Reading My Seventh Monsoon has also challenged me anew about focusing on being not doing. I find this hard, because I really like to achieve. Hence feeling rather frustrated with the writer’s bloc and wondering what exactly I had produced that day!
This in-built desire to achieve is something I have struggled with in learning to surf. Surfing is hard and achieving is close to impossible. Today, out of the many waves I bumbled onto, full of hope, there were many rides which could be considered failures, and maybe only one or two where I felt like I was really riding the wave in any sense of the word.
Given that I emerged from the surf today with a twisted ankle and some cuts on my toe and the usual knee grazes…was the half second ride worthwhile? I have to say, it’s a resounding yes. The beauty of surfing is in the journey of just being there in the waves, under the bright blue sky, with the sunny glare reflecting hard into my eyes and the headlands rising up on either side of the coast.

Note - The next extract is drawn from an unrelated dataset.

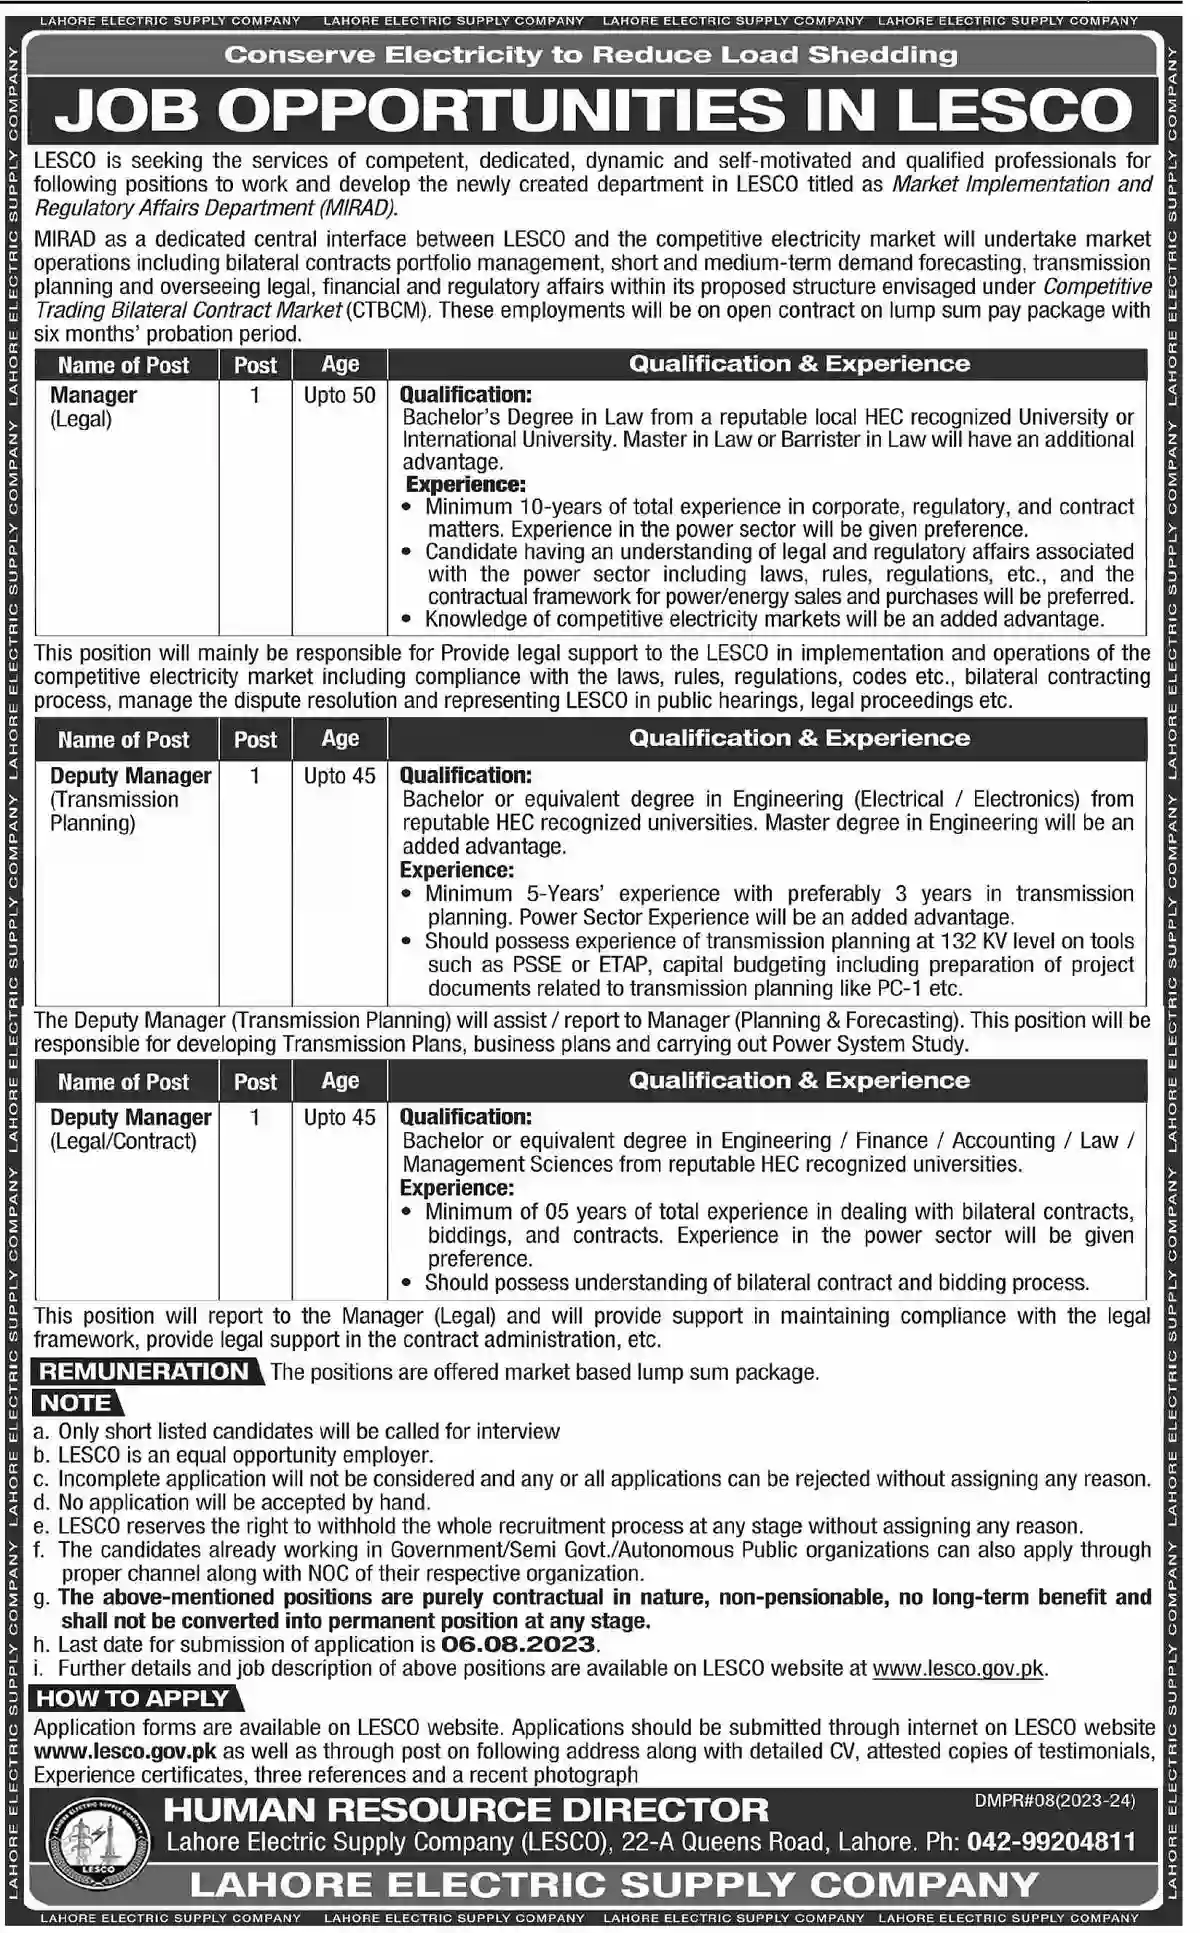 Lahore Electric Supply Company LESCO Jobs 2023 www.lesco.gov.pk Apply Online

Learning to surf has taught me a few lessons over the years…
Enjoy the journey. Along the lines of the being not doing.
Control is illusive. When you are surfing, you have almost none. Certainly no control over the waves, the currents, the clouds, the wind.
Some risks are worth taking. I decided to start surfing because I was over sitting on the sand watching Adam and others have fun. Even if I never quite have the courage to venture “out the back” to where Adam rides, I still feel like taking the risk of trying to surf is worthwhile, compared to not trying at all – because of the sheer fun – and nothing to do with whether I’m actually any good at it.

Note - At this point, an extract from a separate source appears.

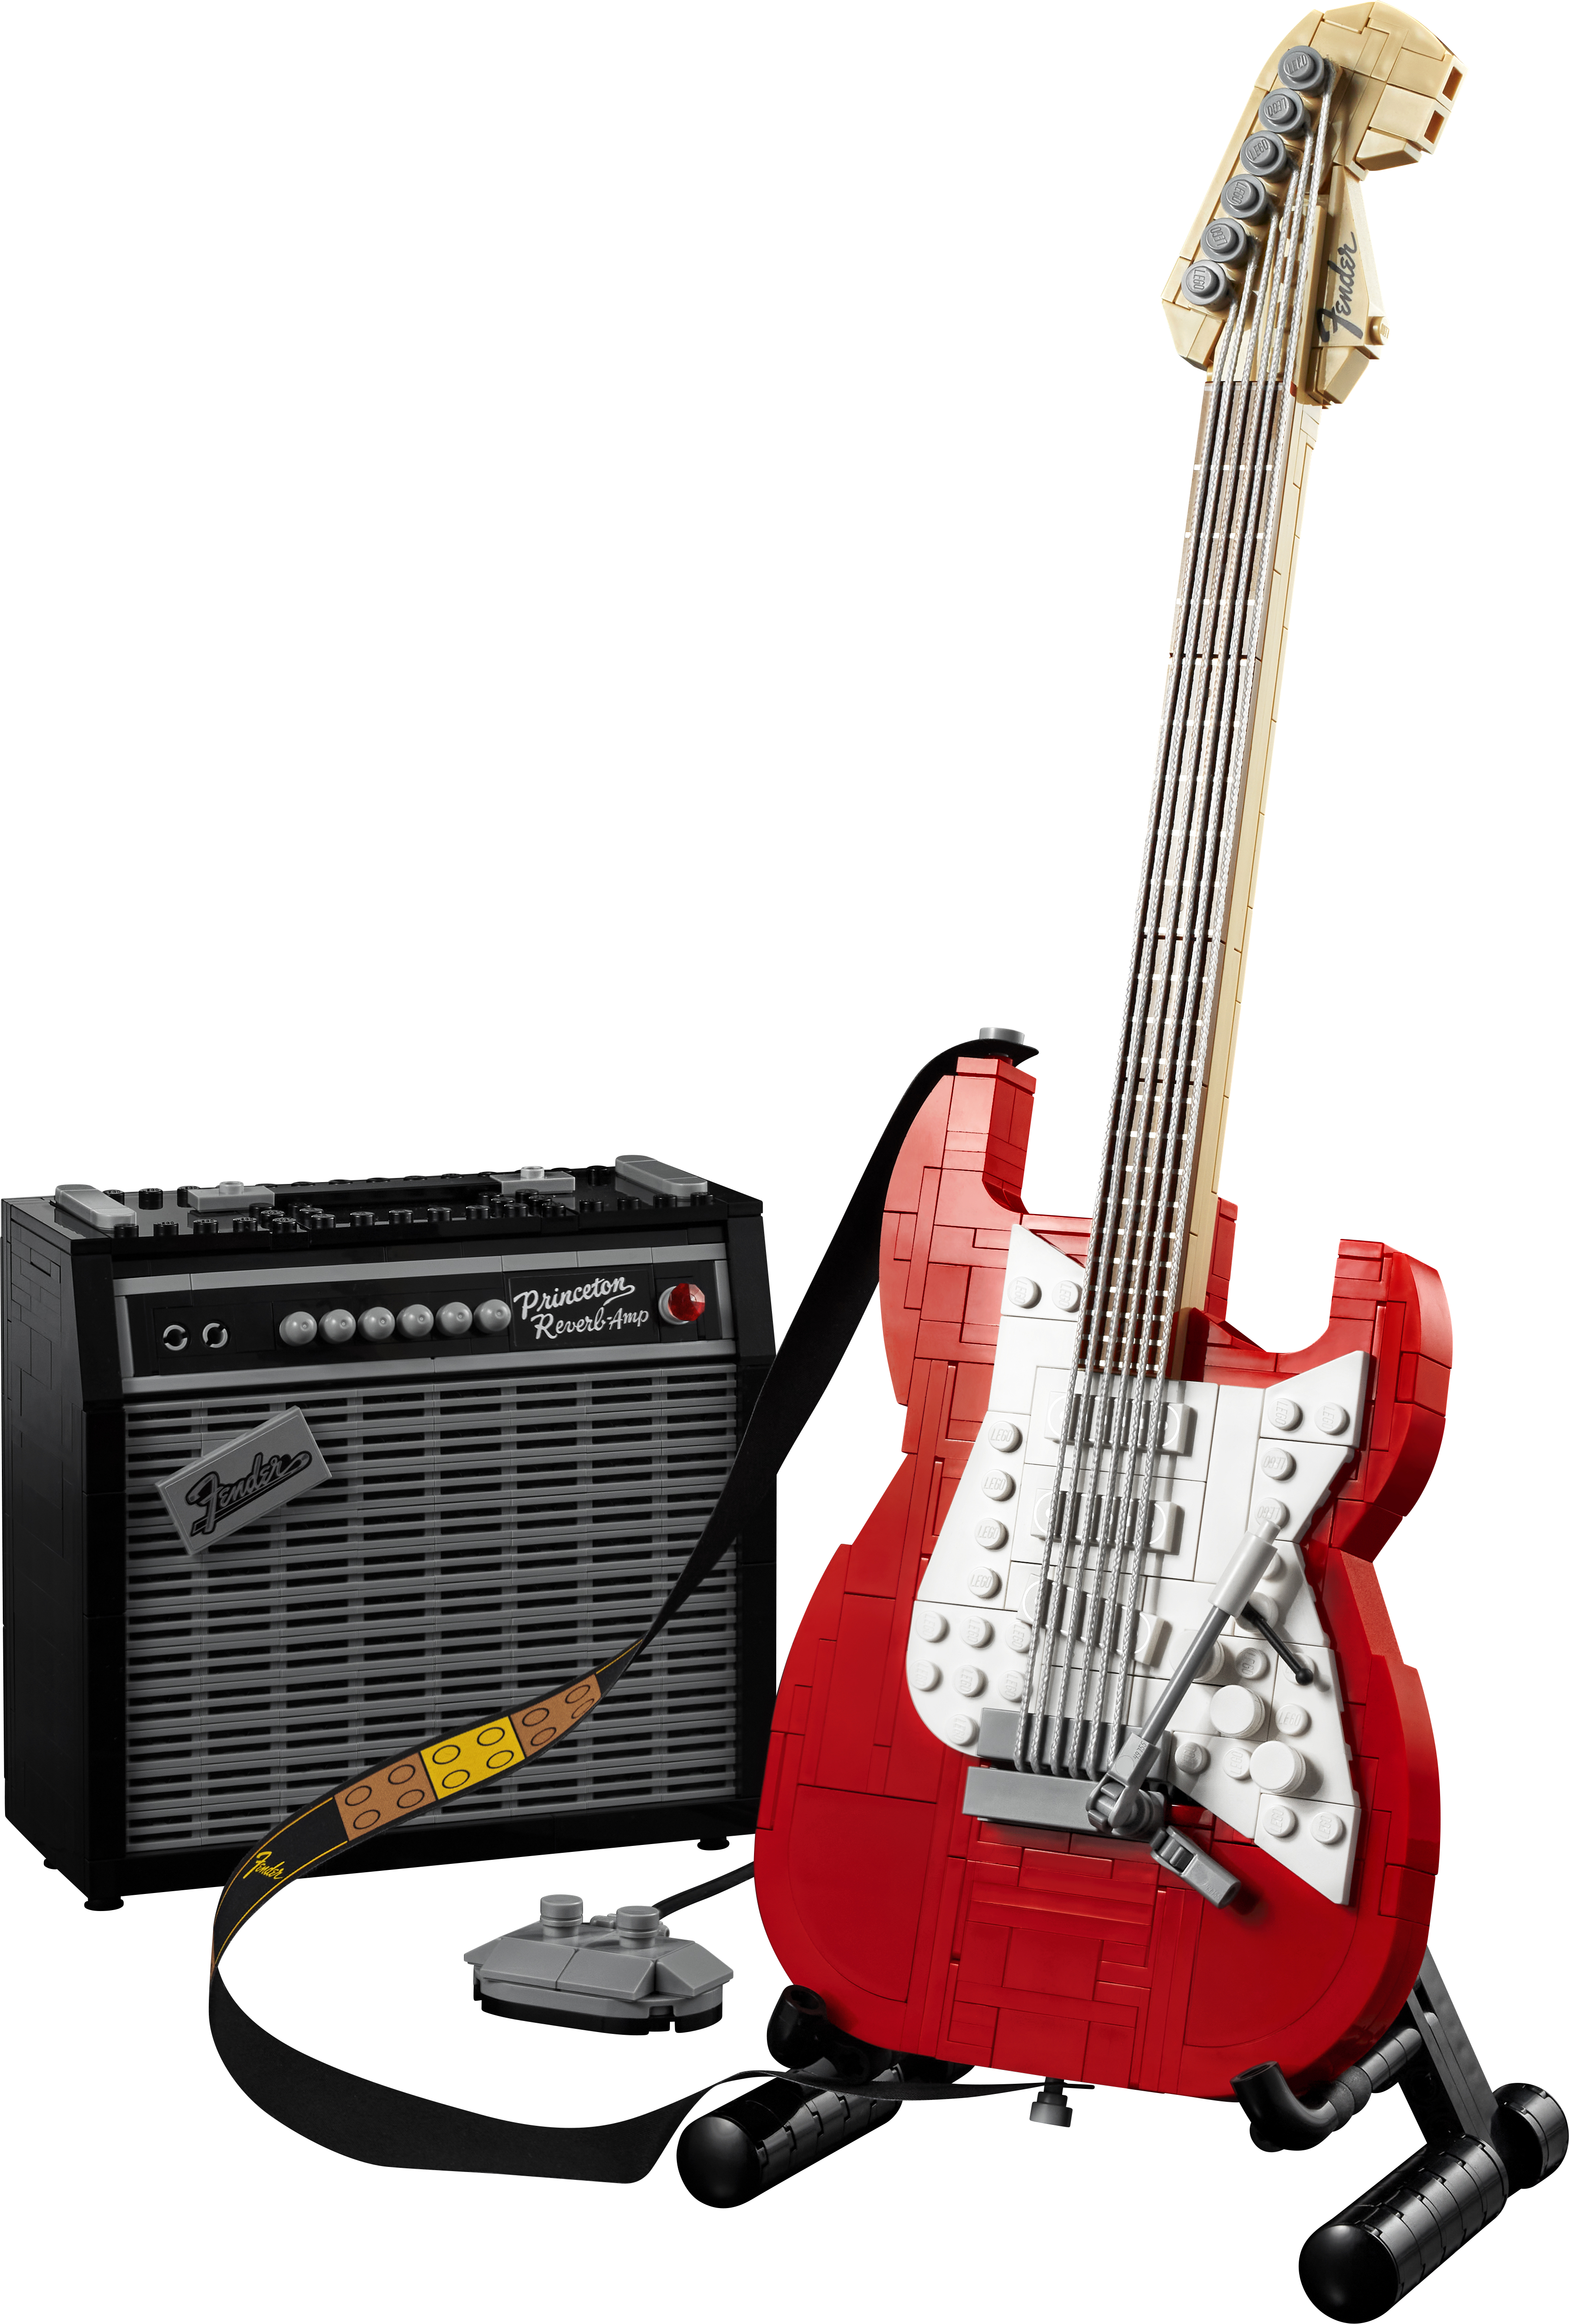 Lego Fender Stratocaster 21329 Light Kit(With Sound) – Lightailing

I look forward to the surfing and the lessons learned from it in years to come. But for now, one closing excerpt from My Seventh Monsoon that resonated with me, Naomi and her husband Darren were discussing whether to go back to Nepal with their three kids…
N: “…what would it say to our kids if they knew we had taken a deliberate risk, and died?”
D: “It would say to my kids that more than anything else, I’m on this earth to follow Jesus. If following Jesus means taking the hard calls, then that’s what I want to do. I want my kids to know I took risks.”